▶ What is being asked
Only one stretch of the data below is needed. Output the lines from the one with "Caramel Apple Oreo" up to and including the one with "Aquaな露天風呂Vol.583 盗撮 戯れ無修正画像 106枚 77", exactly as they stand.

▶ Record extracts

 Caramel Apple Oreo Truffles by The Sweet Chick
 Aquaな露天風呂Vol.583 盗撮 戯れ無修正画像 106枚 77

--

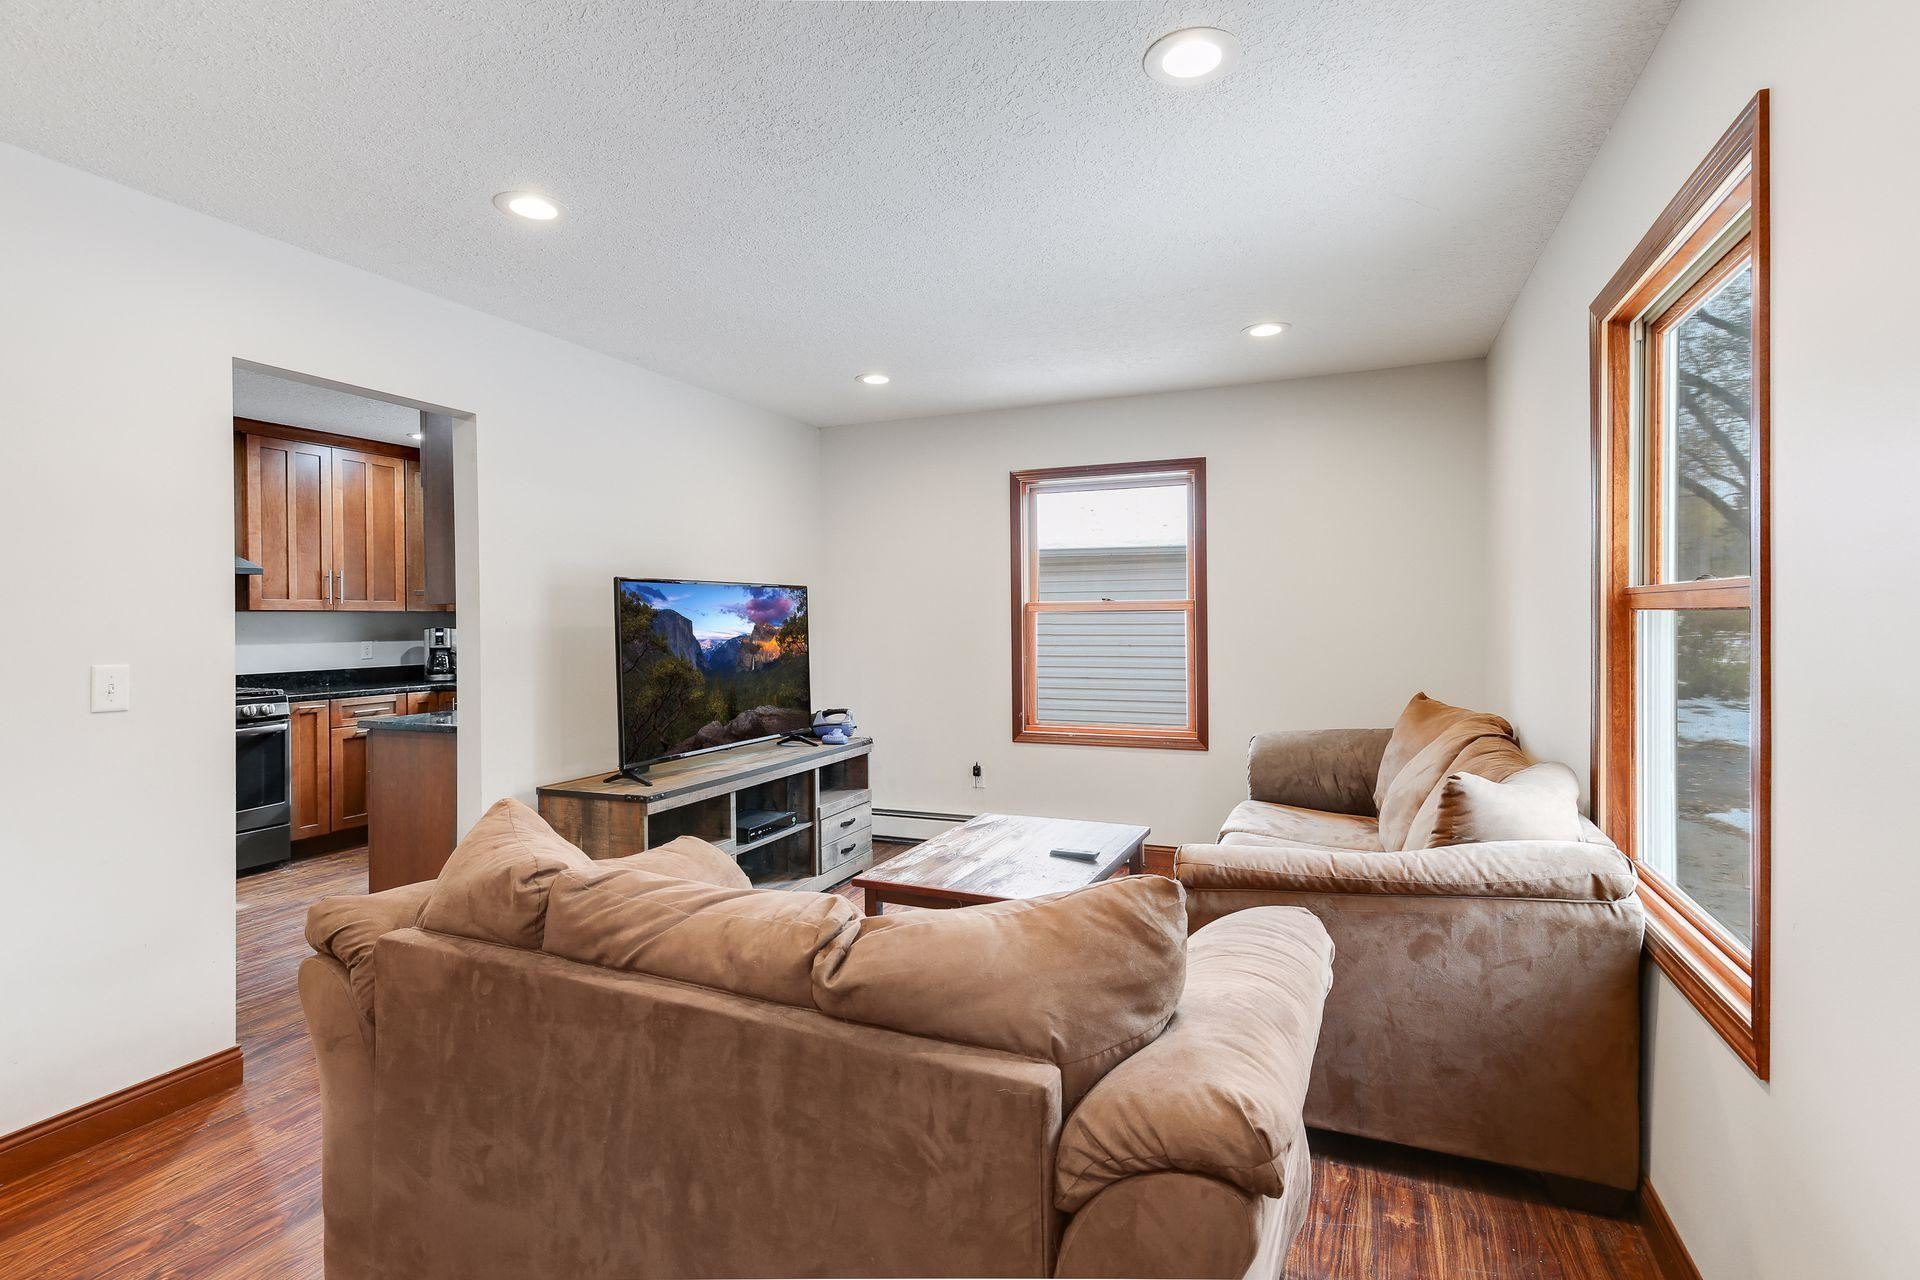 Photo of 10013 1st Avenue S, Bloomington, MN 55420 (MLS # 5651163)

* * *

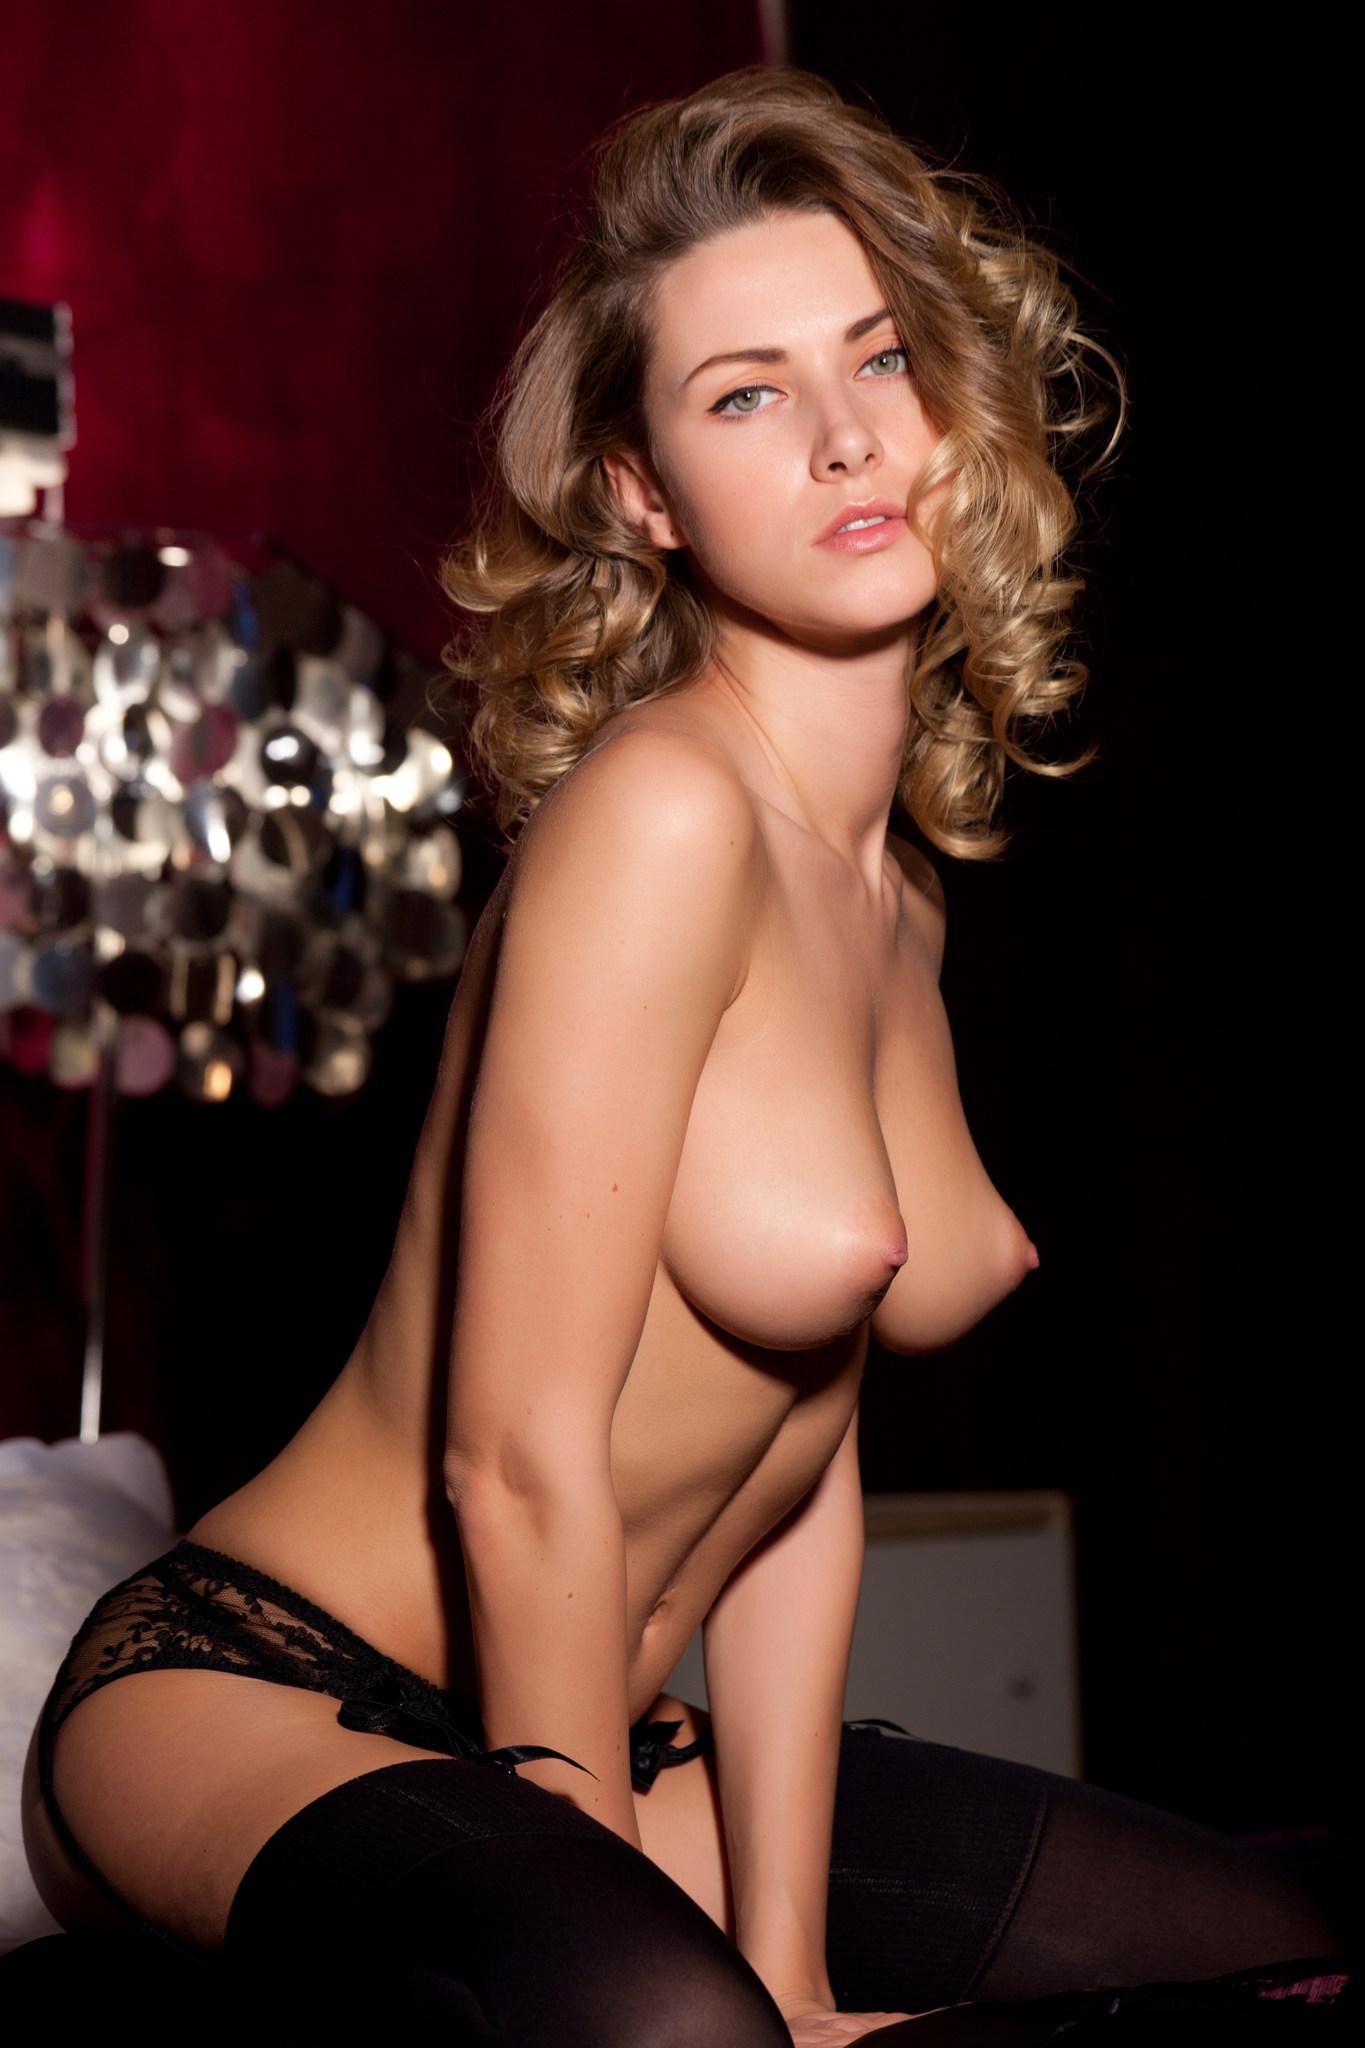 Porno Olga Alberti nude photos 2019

▶ Expected answer
 Caramel Apple Oreo Truffles by The Sweet Chick
 Aquaな露天風呂Vol.583 盗撮 戯れ無修正画像 106枚 77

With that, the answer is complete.